[[ MATERIAL FOR THIS EXERCISE open ]]

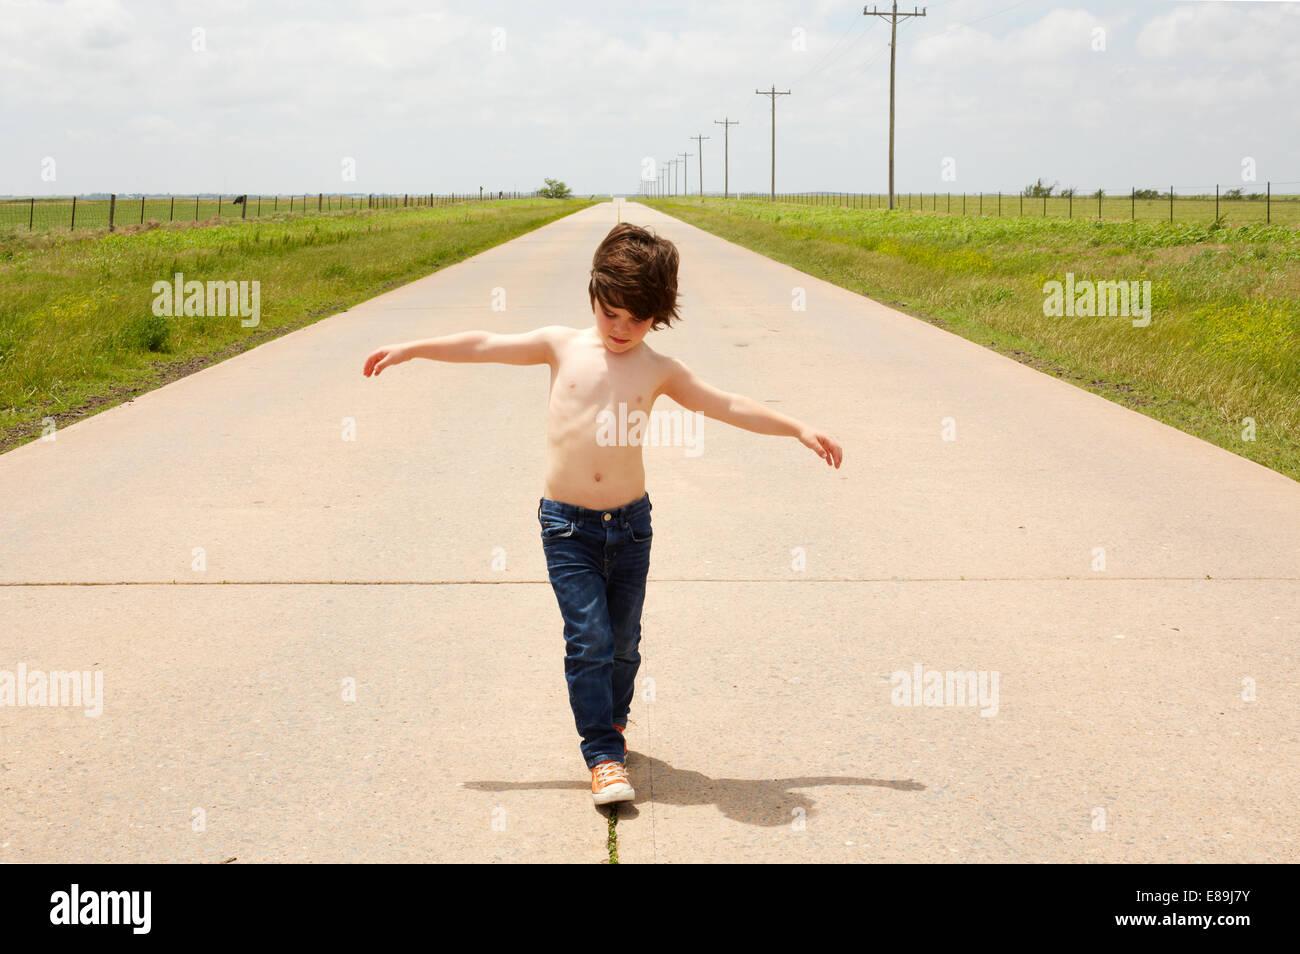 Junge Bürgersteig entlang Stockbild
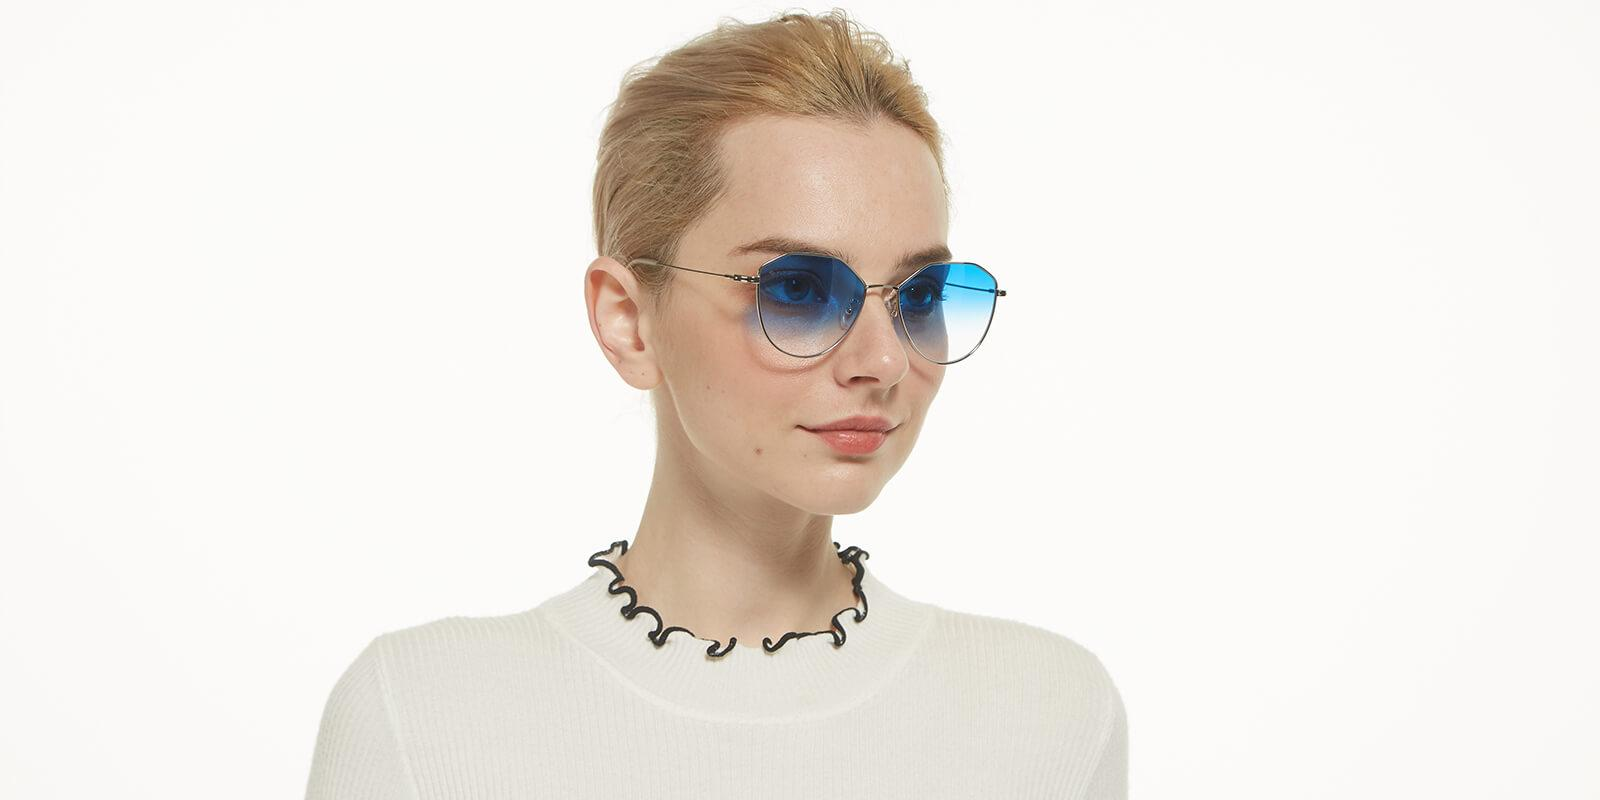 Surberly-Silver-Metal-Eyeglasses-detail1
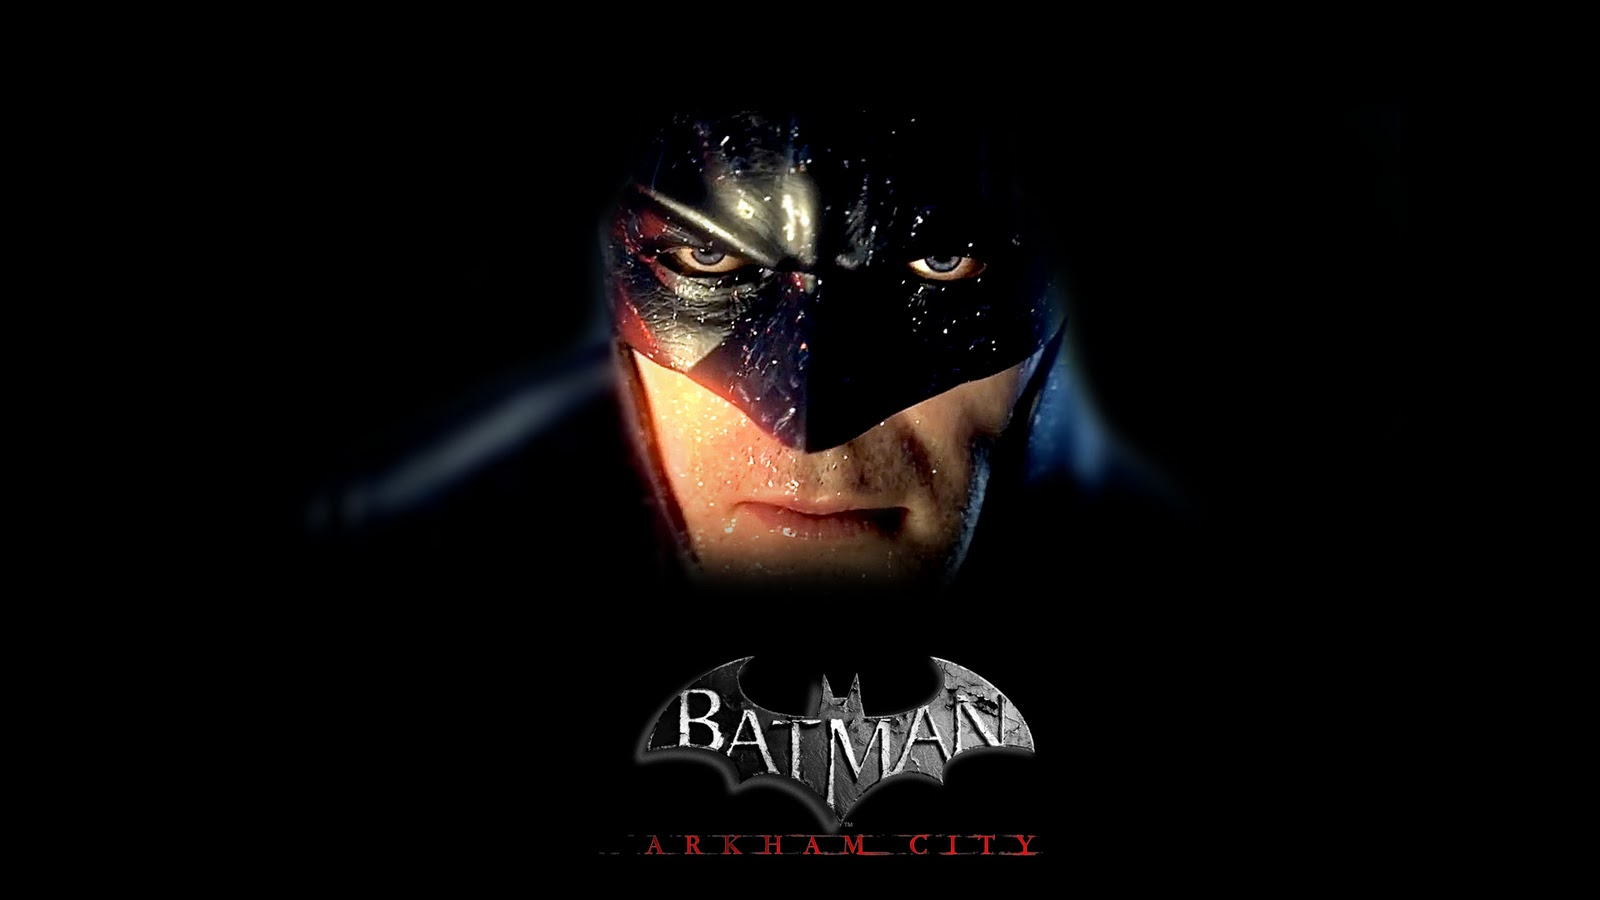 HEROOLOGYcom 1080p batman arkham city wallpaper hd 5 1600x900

[[ MATERIAL FOR THIS EXERCISE closed ]]
[[ MATERIAL FOR THIS EXERCISE open ]]

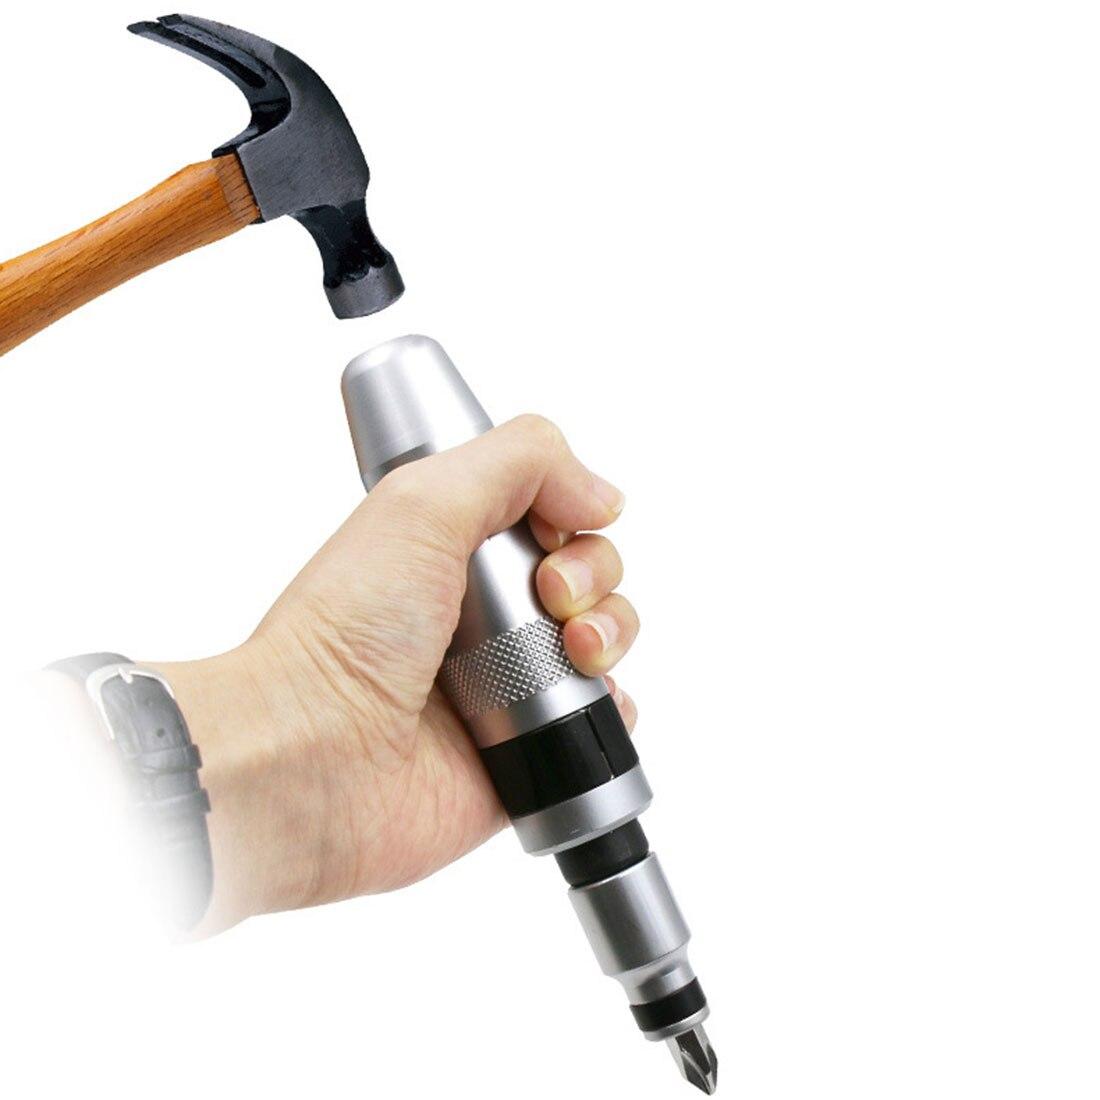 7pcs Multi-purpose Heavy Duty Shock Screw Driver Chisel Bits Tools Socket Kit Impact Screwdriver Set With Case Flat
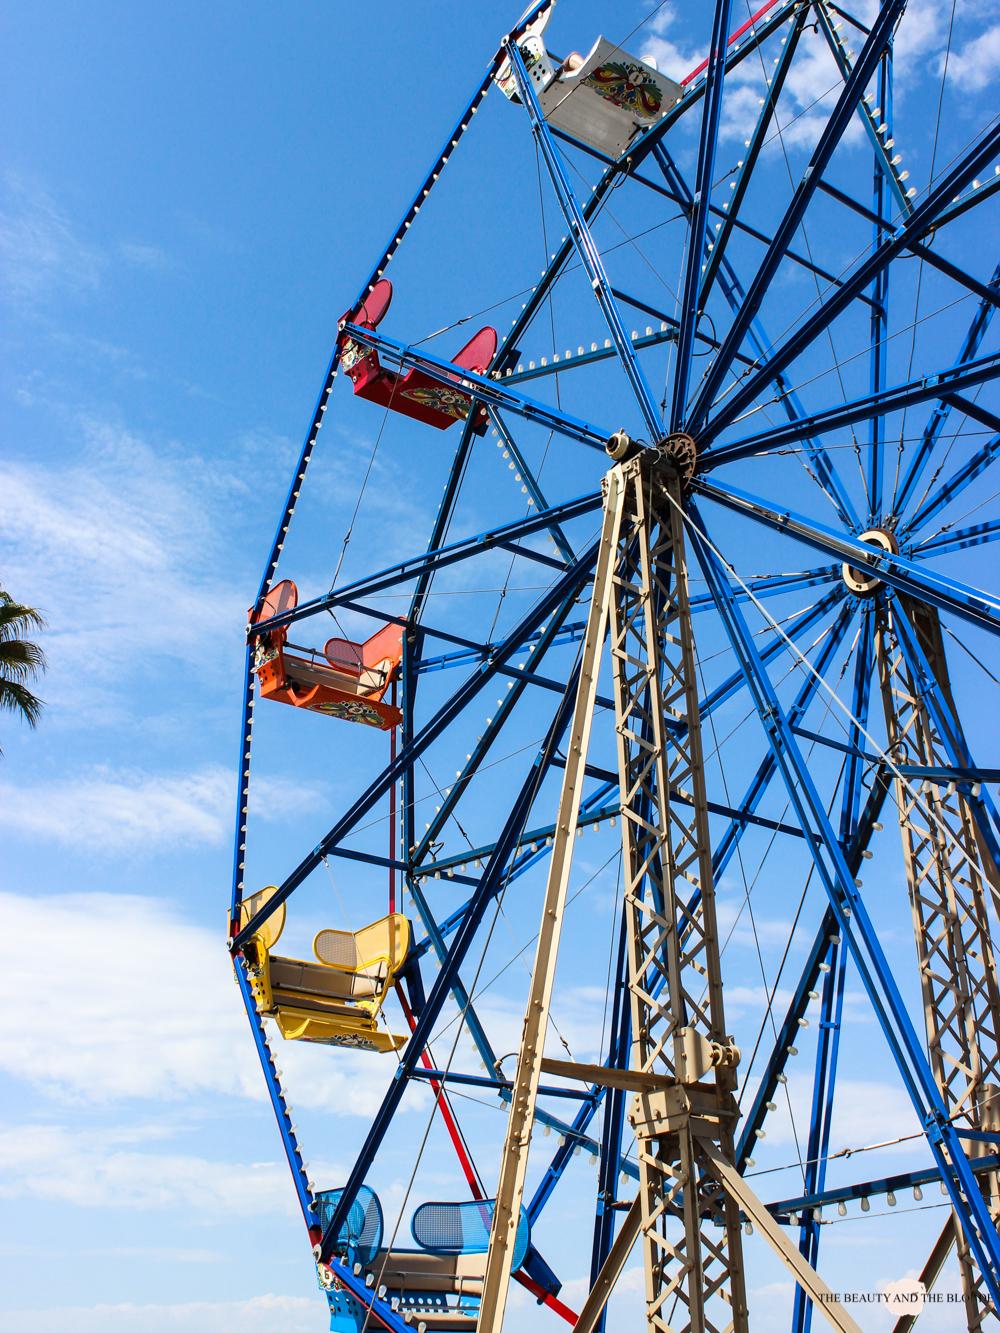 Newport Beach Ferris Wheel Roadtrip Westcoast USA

[[ MATERIAL FOR THIS EXERCISE closed ]]
[[ MATERIAL FOR THIS EXERCISE open ]]

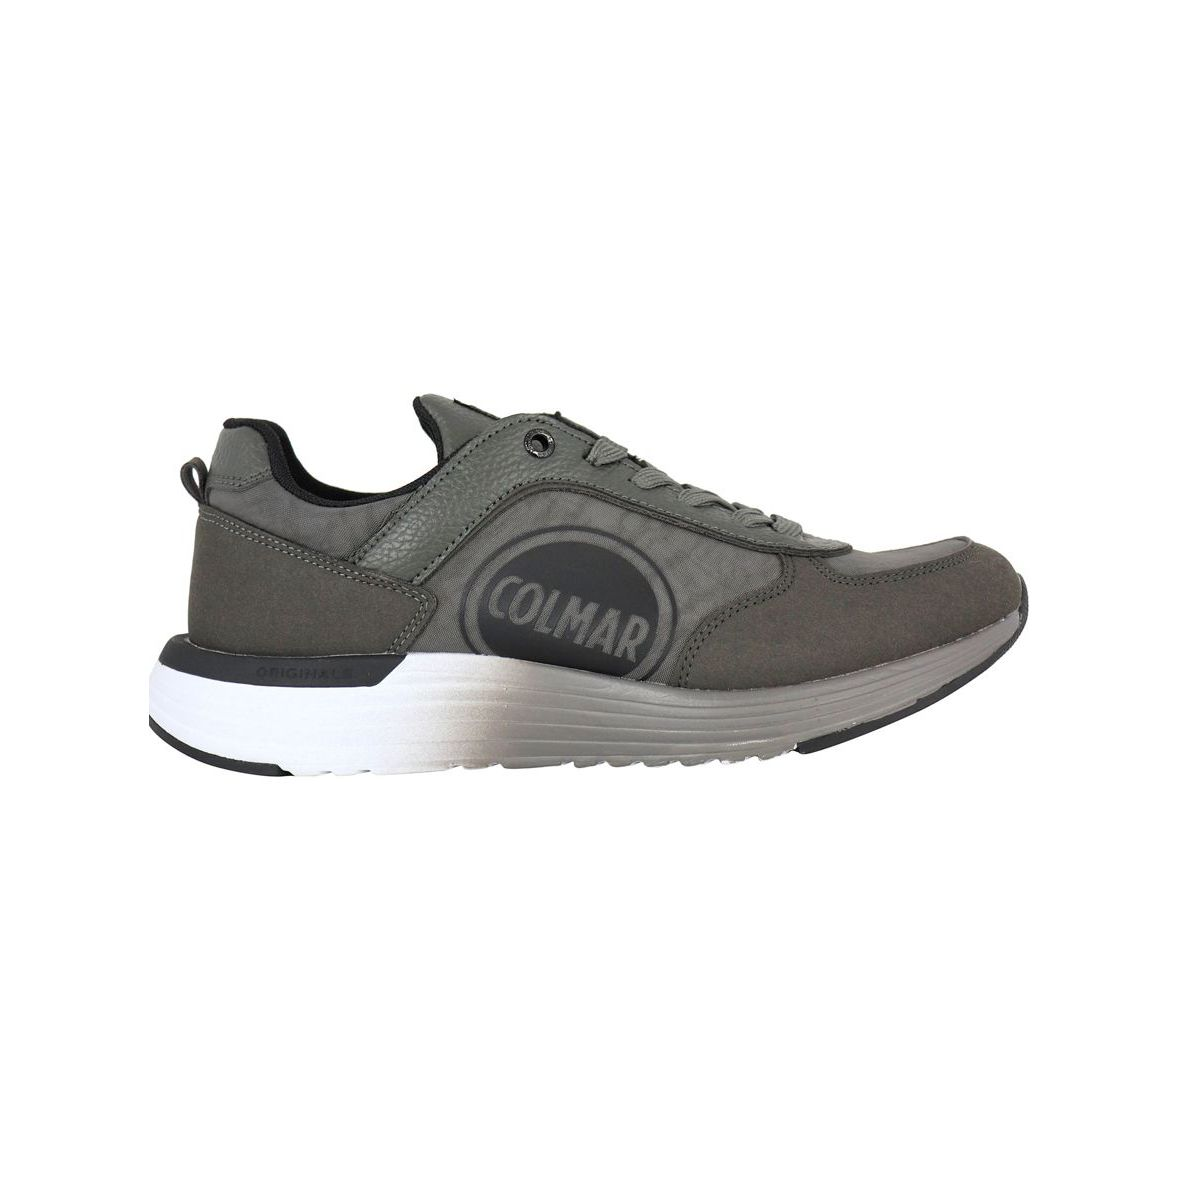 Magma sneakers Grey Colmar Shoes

[[ MATERIAL FOR THIS EXERCISE closed ]]

Nothing but the lines above, starting at the line that contains "Junge Bürgersteig entlang Stockbild" and ending at the line that contains "HEROOLOGYcom 1080p batman", should be given again, exactly and without the pictures.

# [SOLUTION TO THIS TASK]
 Junge Bürgersteig entlang Stockbild
 Surberly-Silver-Metal-Eyeglasses-detail1
 HEROOLOGYcom 1080p batman arkham city wallpaper hd 5 1600x900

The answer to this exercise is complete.